Historic district in Tennessee, United States

The Jackson Avenue Warehouse District is an historic district in the Old City section of Knoxville, Tennessee, USA, listed on the National Register of Historic Places in the 1970s. The district includes several warehouses along the 100-block of West Jackson Avenue, as well as the Sullivan's Saloon building on East Jackson. The buildings were listed for their architecture and their role in Knoxville's late-19th and early-20th century wholesaling industry.

The district's original 1973 listing included the warehouses on the north side of West Jackson Avenue (i.e., 103, 121-123, 125-127, and 129-131) and Sullivan's Saloon (100 East Jackson). In 1975, the district was extended to include the John H. Daniel building (120-122 West Jackson) and the American Clothing Company building (124 West Jackson). During the 1980s, the north side of West Jackson Avenue's 100-block, along with Sullivan's Saloon and 120-122 West Jackson, were included in the Historic American Buildings Survey.

The Jackson Avenue Warehouses represent Knoxville's thriving turn-of-the-century wholesaling sector. Most of the buildings along the north side of West Jackson were built circa 1890—1910, with loading docks facing the tracks and elaborate Romanesque storefronts facing Jackson Avenue. Rural merchants would travel to Knoxville via railroad from across East Tennessee to purchase goods and supplies for general stores and other businesses. Sullivan's Saloon, built in 1888 by Irish-born innkeeper Patrick Sullivan (1840-1925), is one of the few remaining late-19th century saloon buildings in Knoxville.

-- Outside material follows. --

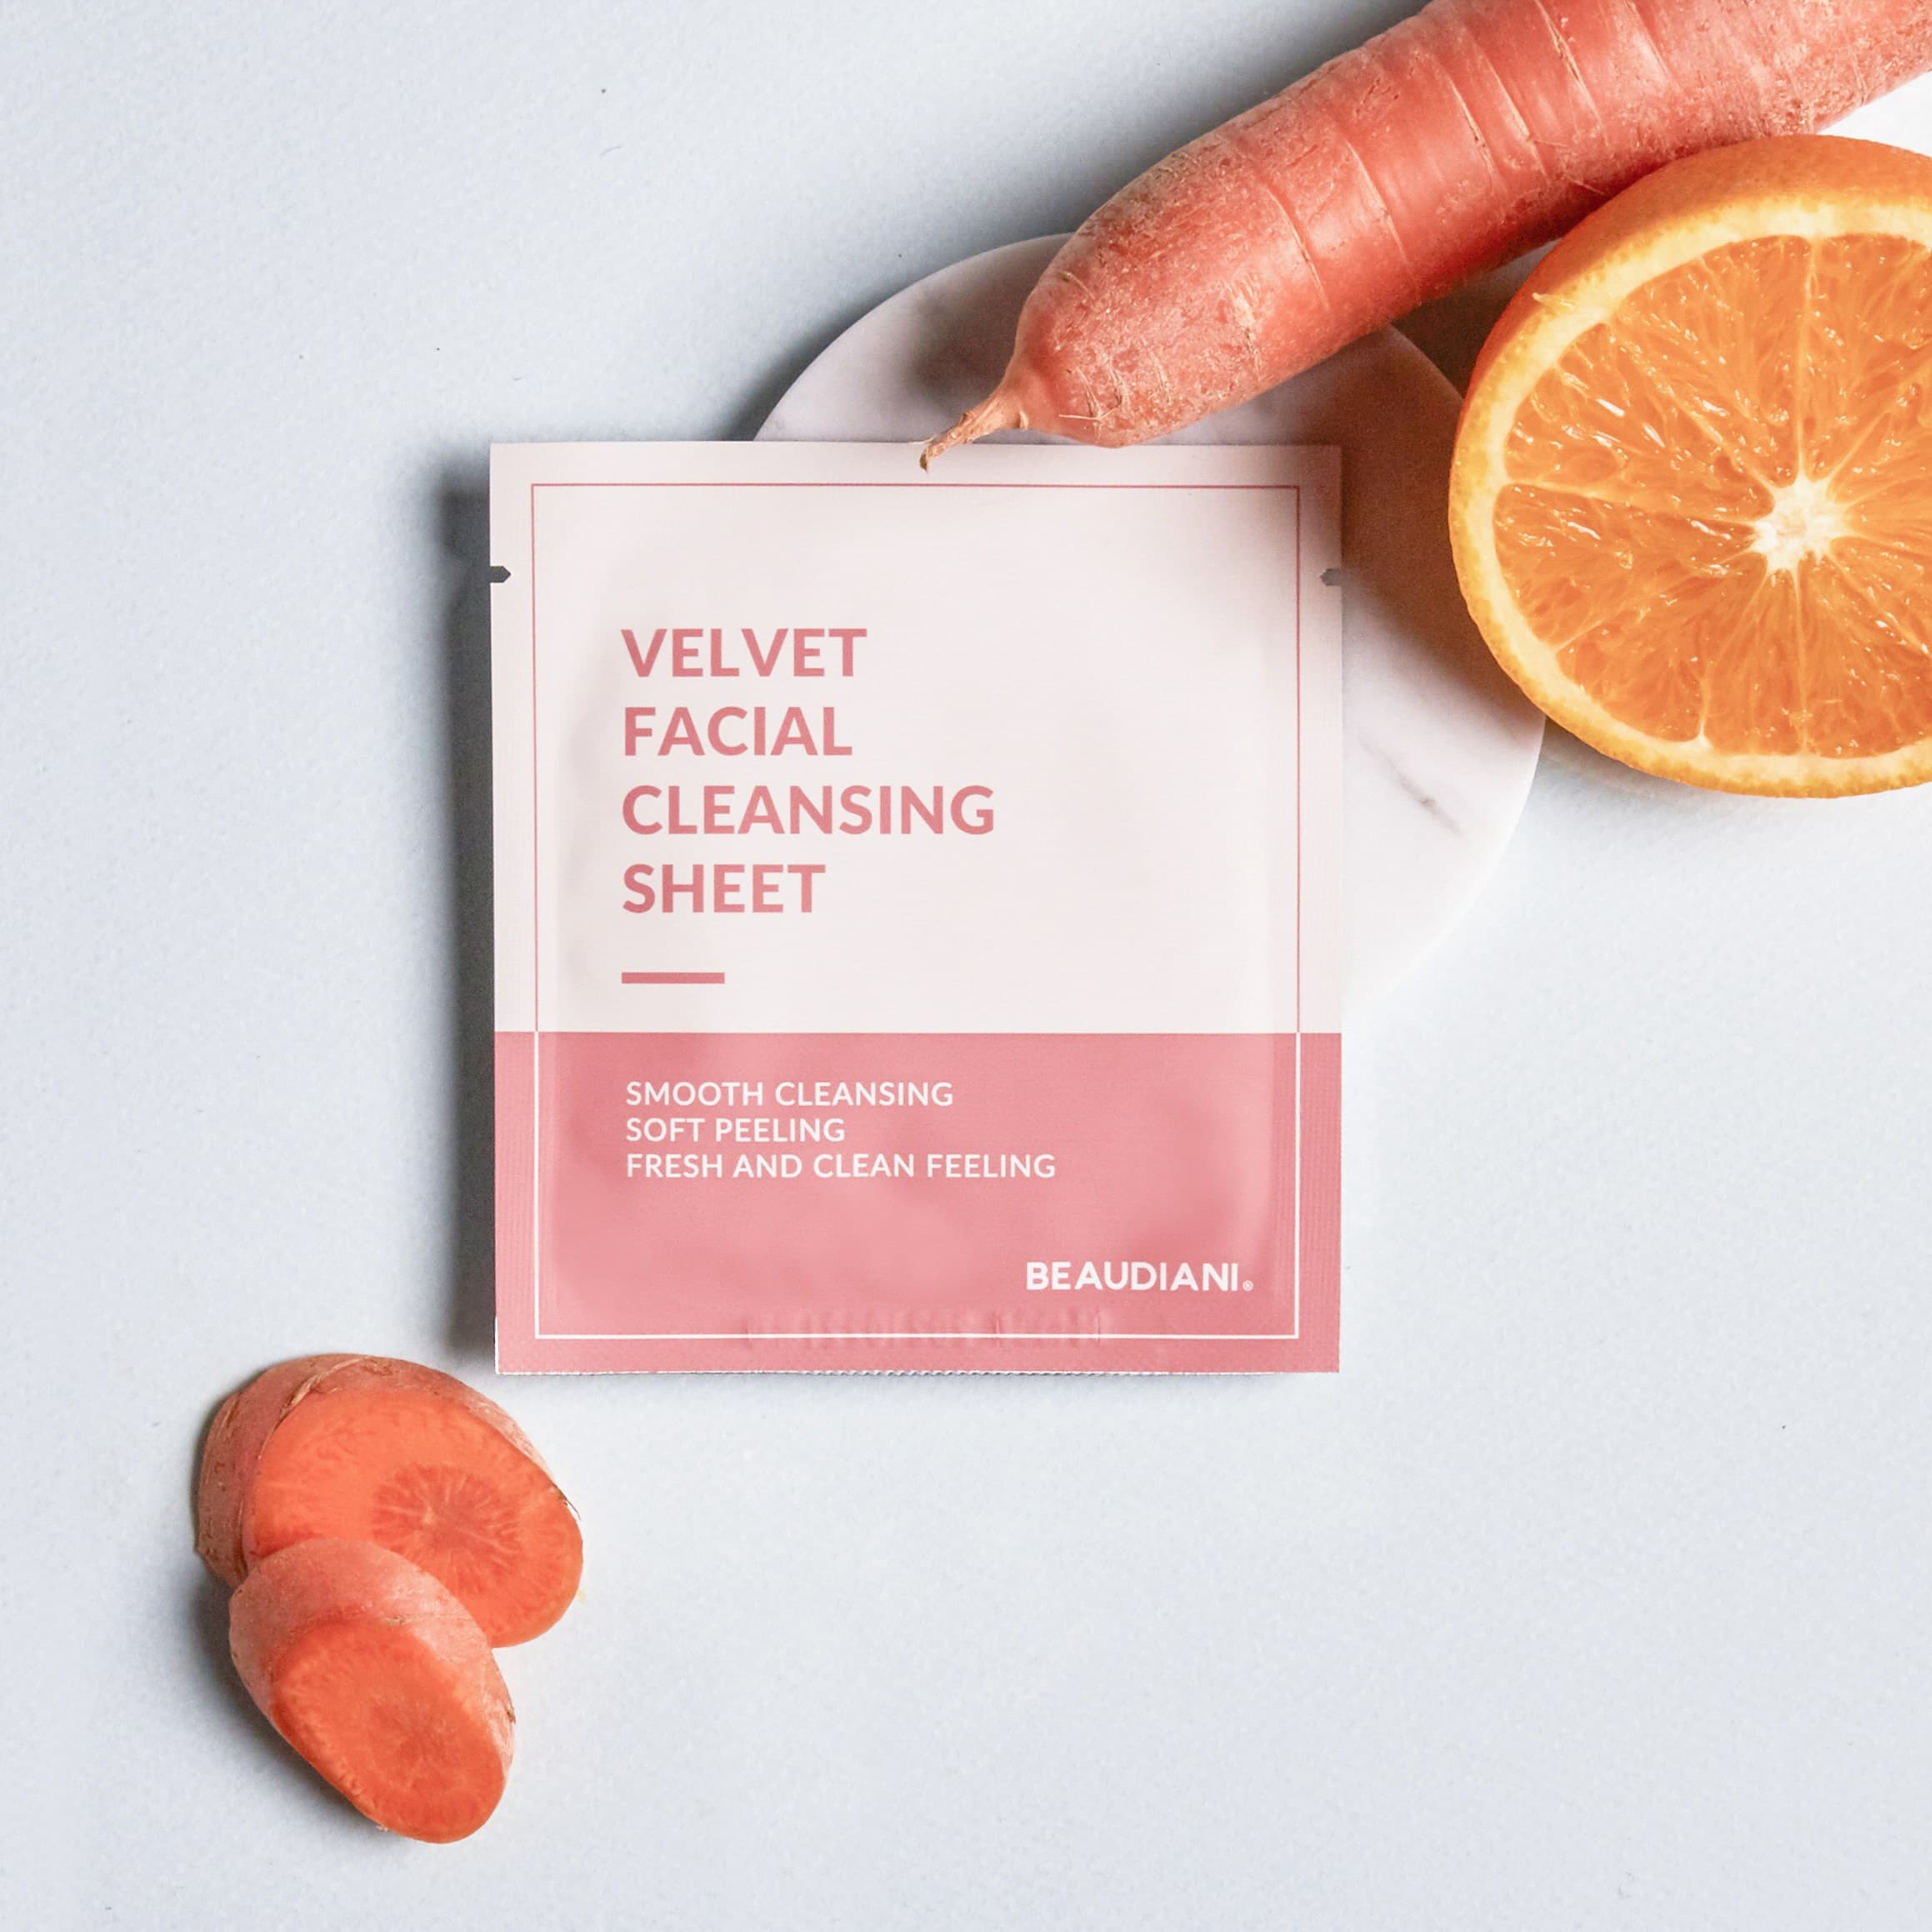 Velvet Facial Cleansing Sheet
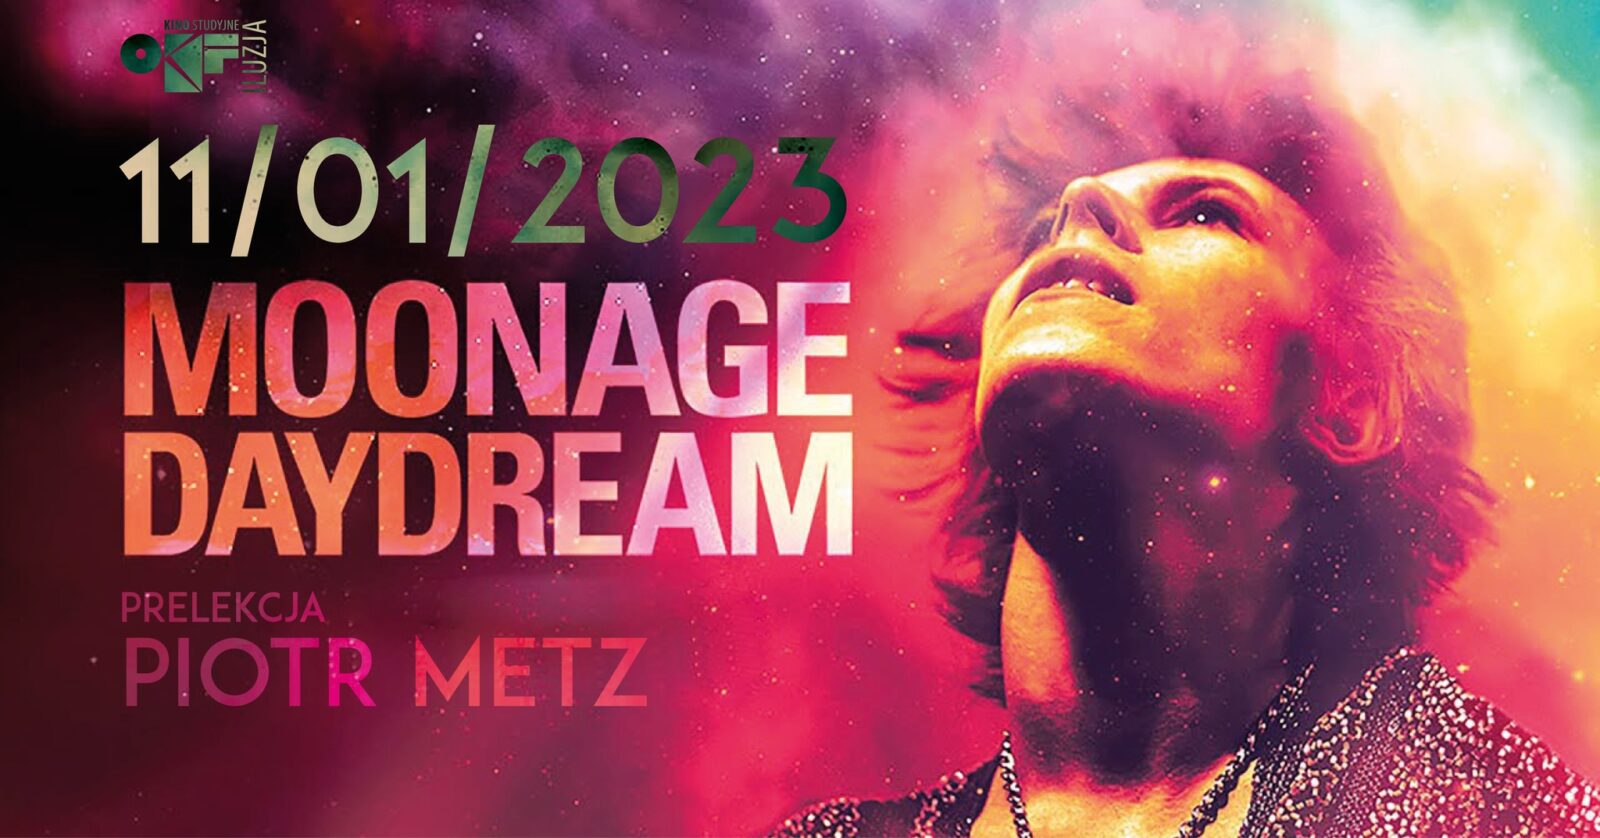 OKF. W Częstochowie odbędzie się pokaz specjalny filmu "Moonage Daydream" z udziałem Piotra Metza 8

In 1985, all of the buildings in the Jackson Avenue Warehouse District, along with the remaining historic buildings along West Jackson (all the way to Broadway), the Southern Terminal complex, the 100 blocks of East Jackson, North and South Central, and South Gay, the White Lily factory on Depot, and parts of State and Vine were listed on the Register as the Southern Terminal and Warehouse Historic District.